As you go up Tunnel Road past the turnoff to Route 13, on the left is a long expanse of bedrock. Right now, in midsummer, it seems to be at its best.
Click the photo for an 800×600 version. This is mapped as a little outlier of the same rock exposed in the big Leona Quarry, a keratophyre of Late Jurassic age (that would be about 150 million years old) also known as the Leona volcanics. It’s pretty hard to study, but easy to just admire. Watch the traffic, though. A bit further up is this thick fault zone:
It has signs of more than one episode of motion at some long-ago time: cracks recracked, layers sheared. If you aren’t required to decipher it as part of some devilish class exercise for a Cal geology course, it’s fun to contemplate. Hammers are OK, too, but won’t do you much good. This rock is heavily altered, but it apparently was originally volcanic and shallow subvolcanic material, of a composition richer in silica than seafloor basalt — perhaps part of an island arc that was carried up against North America back in the late Mesozoic.

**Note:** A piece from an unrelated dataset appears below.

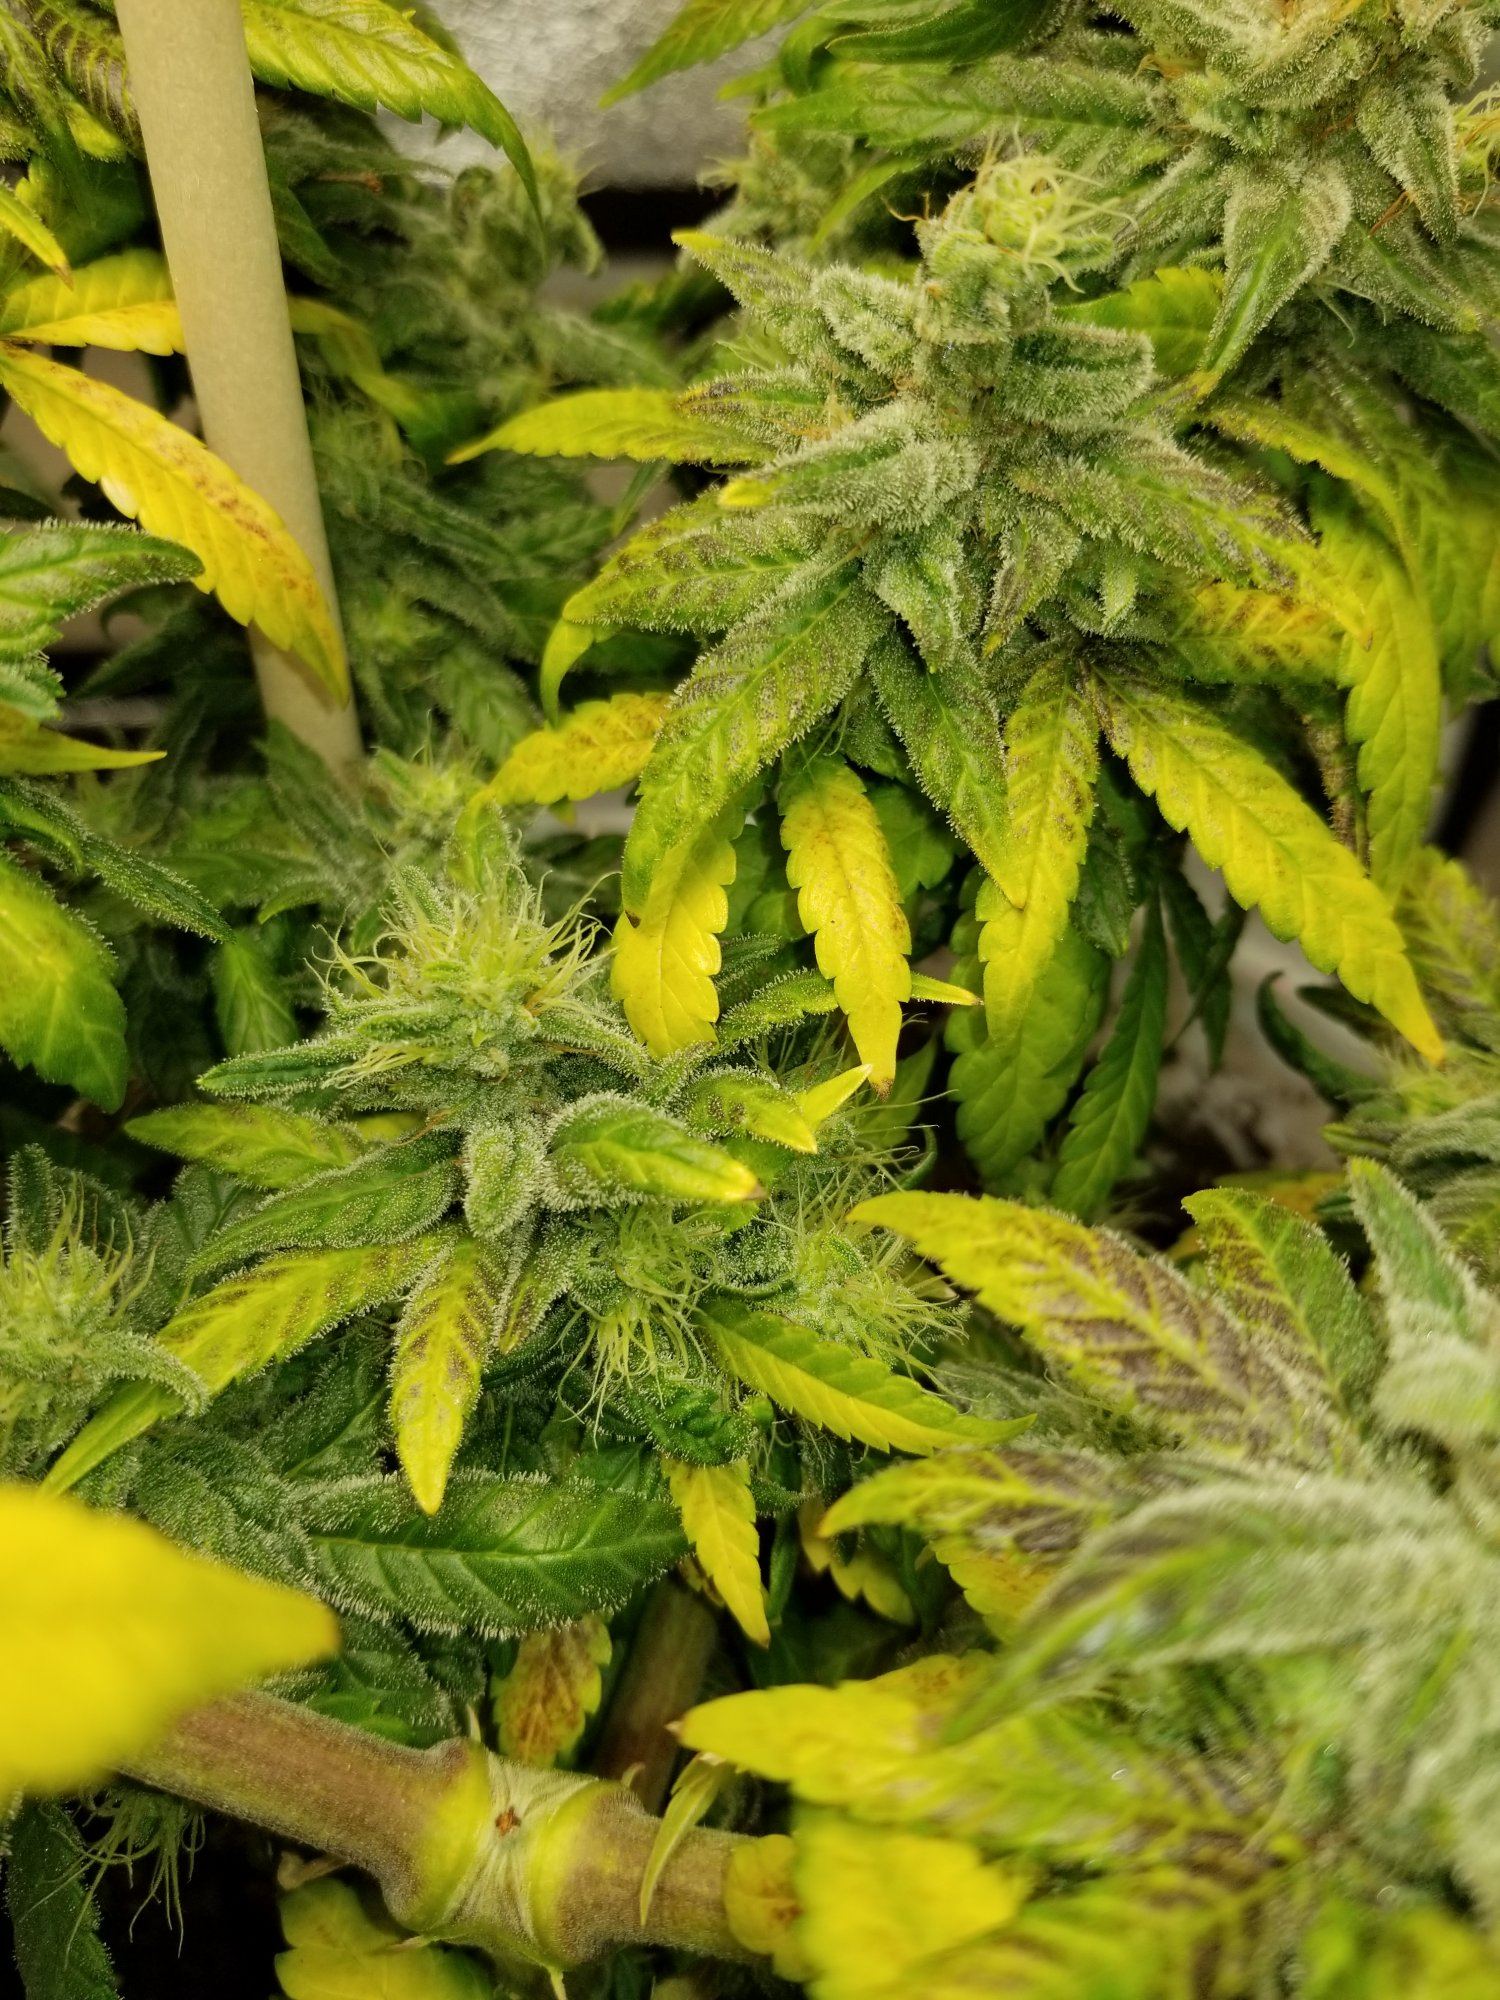 Unknown strain producing genetic foxtails 4

This whole hillside was quarried during construction of Route 24 and the approaches to the Caldecott Tunnel. It yielded rugged yellowish rock useful for filling things in and not much else.
13 August 2009 at 10:33 pm
I just love your Blog. I was raised in the Bay Area and have family there. I read your posts all the time. It’s so interesting even though I don’t always understand the technical info. I’m learning all kinds of things. Keep up the great work. Thanks.